→ **Exercise goal**
Pictures in the material below are to be left out, and only the lines from the line with "关于延期举办2022中国饲料工业展览会的补充通知" up to and including the line with "19 Ağustos 2022 Yeşil Giresun Gazete Manşeti" are to be written out exactly.

→ **Supplied information**
-----
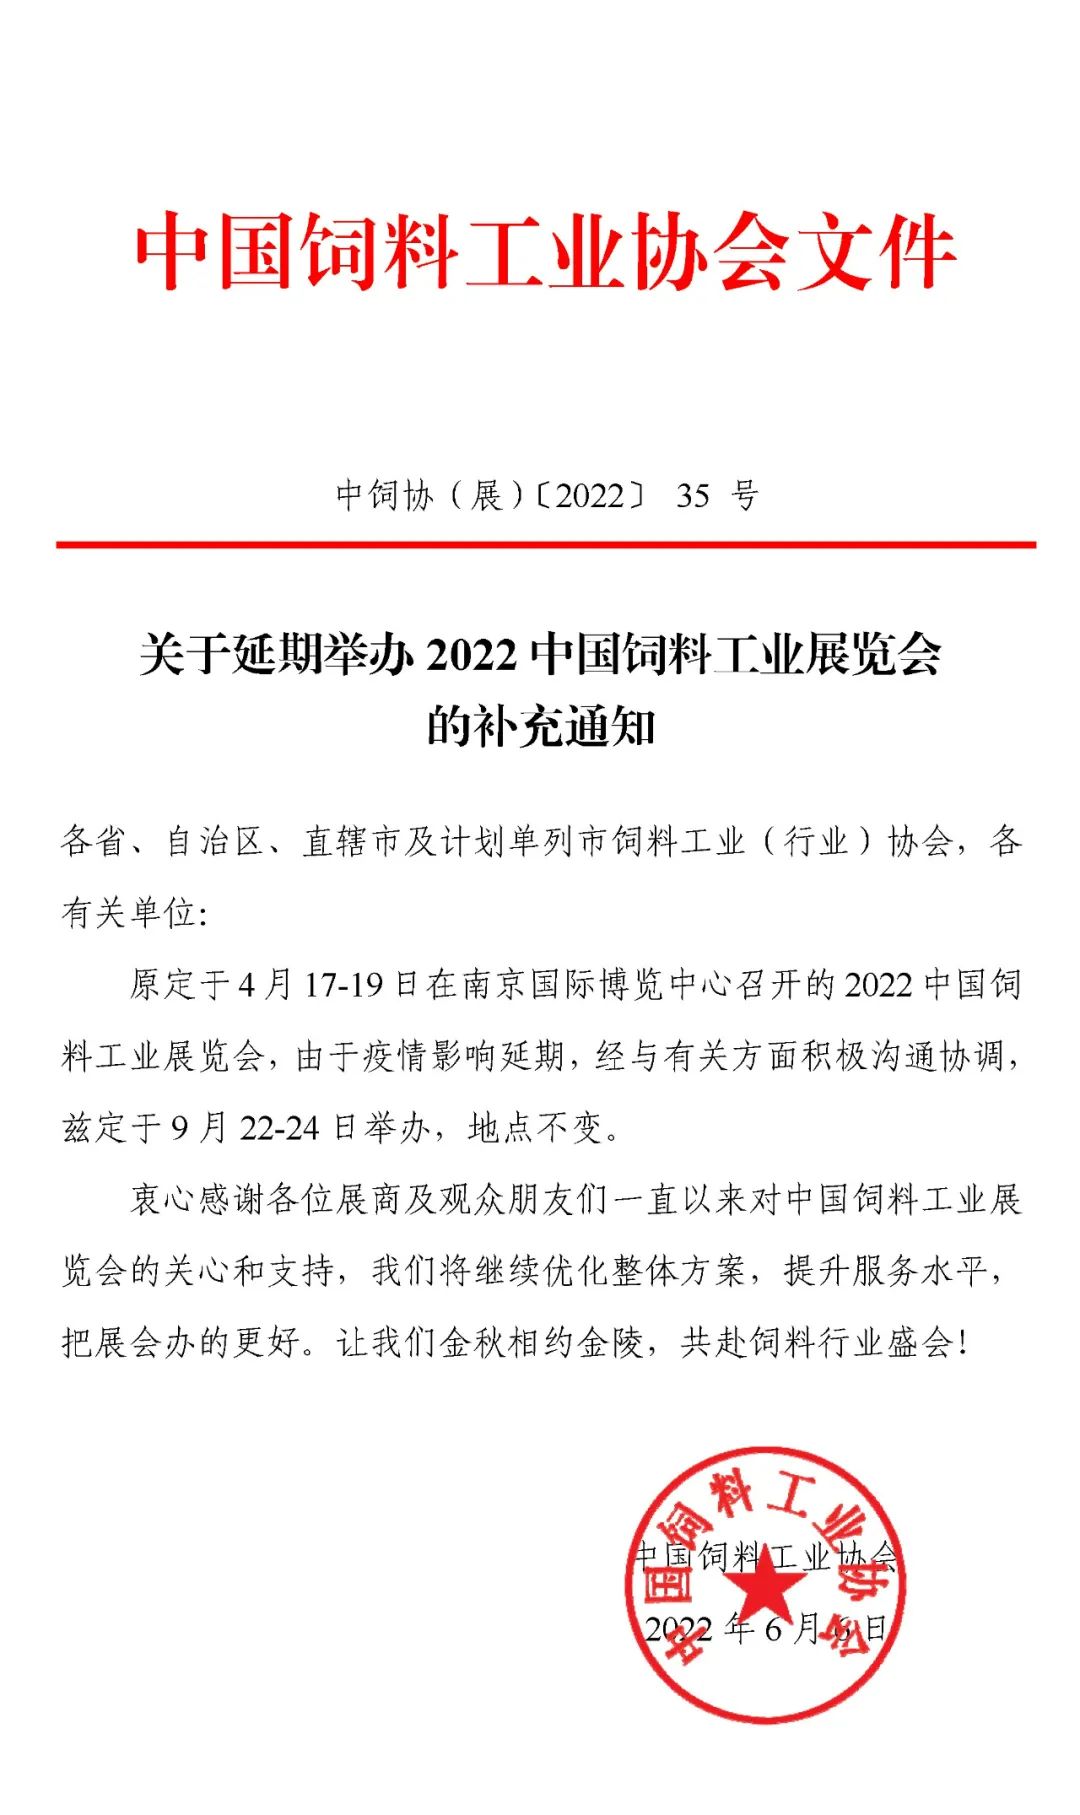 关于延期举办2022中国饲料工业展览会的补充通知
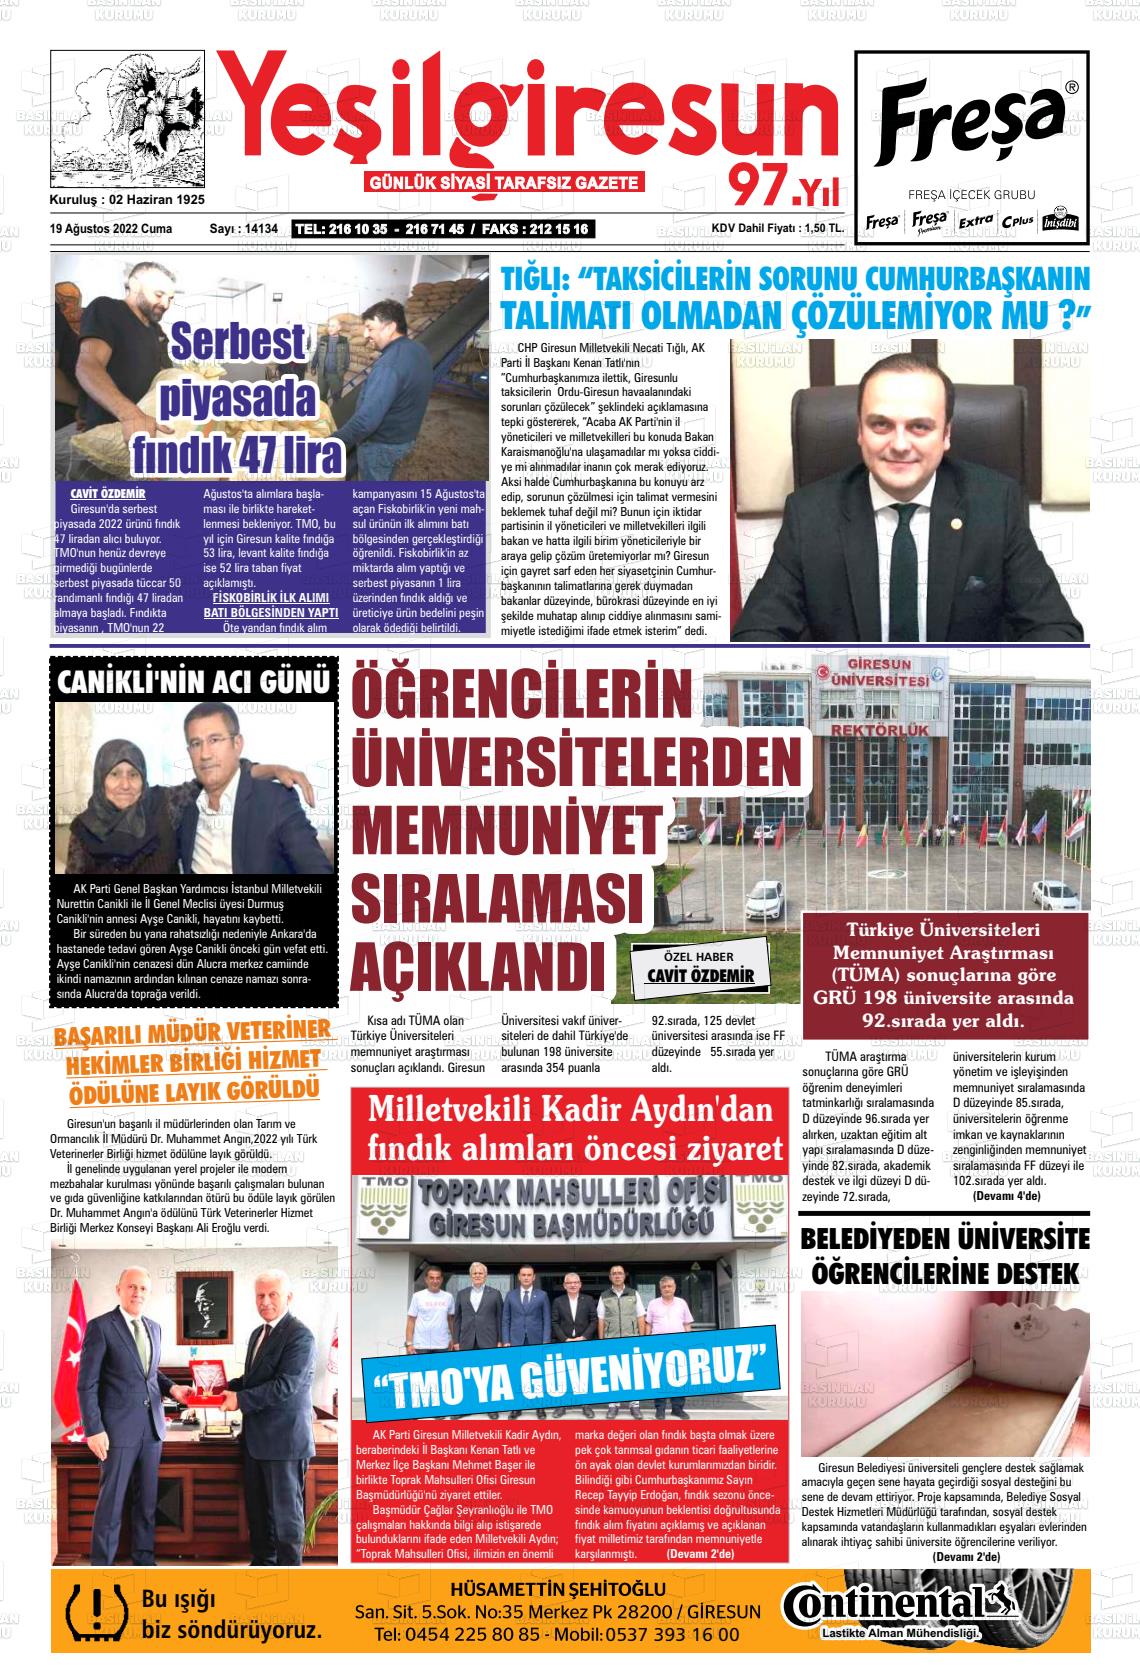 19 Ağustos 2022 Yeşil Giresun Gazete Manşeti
-----
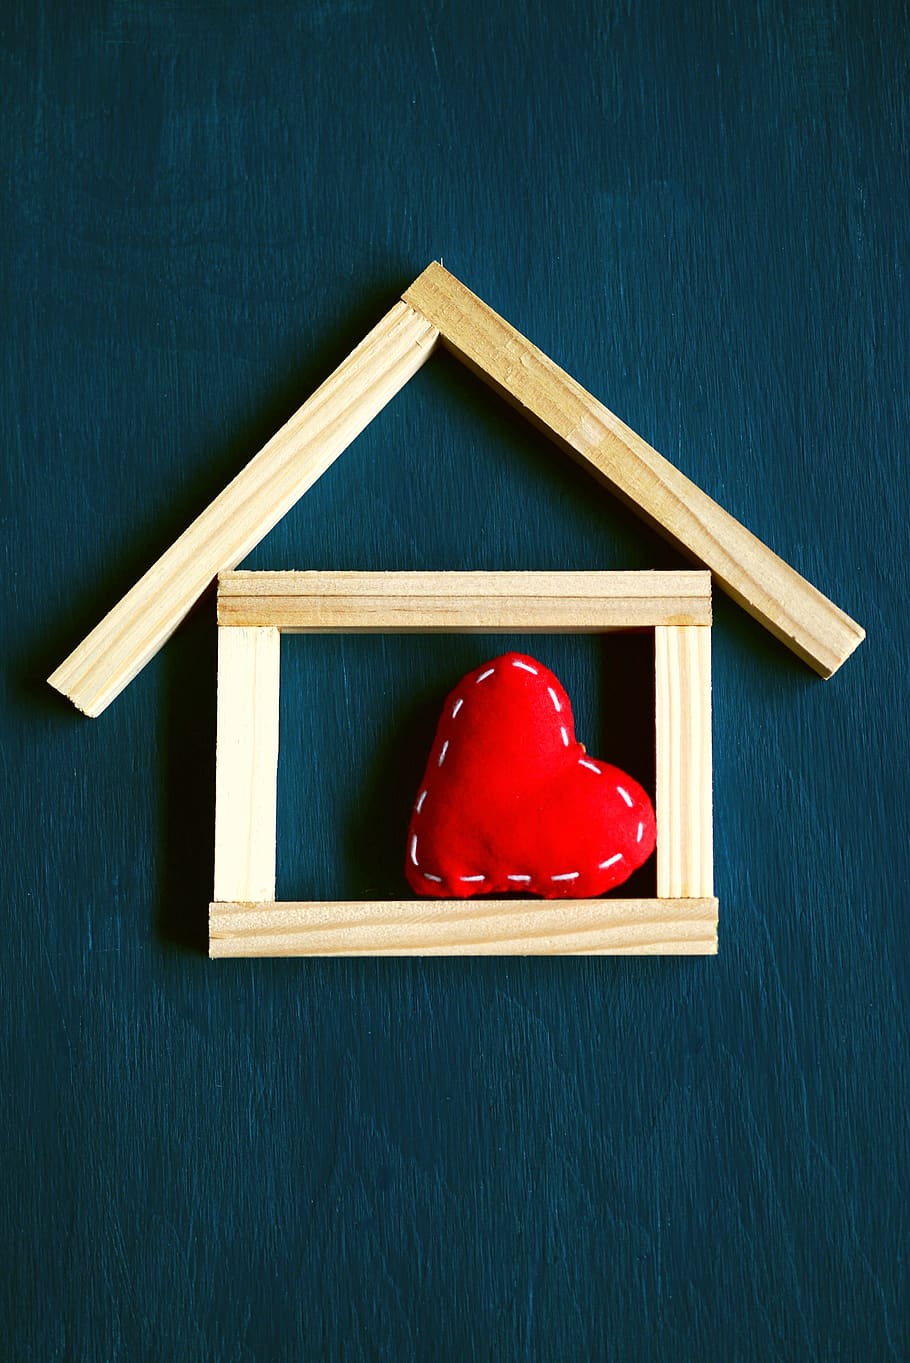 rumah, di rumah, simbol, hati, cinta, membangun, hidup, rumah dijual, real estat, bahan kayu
-----
→ **Exercise answer**
 关于延期举办2022中国饲料工业展览会的补充通知
 19 Ağustos 2022 Yeşil Giresun Gazete Manşeti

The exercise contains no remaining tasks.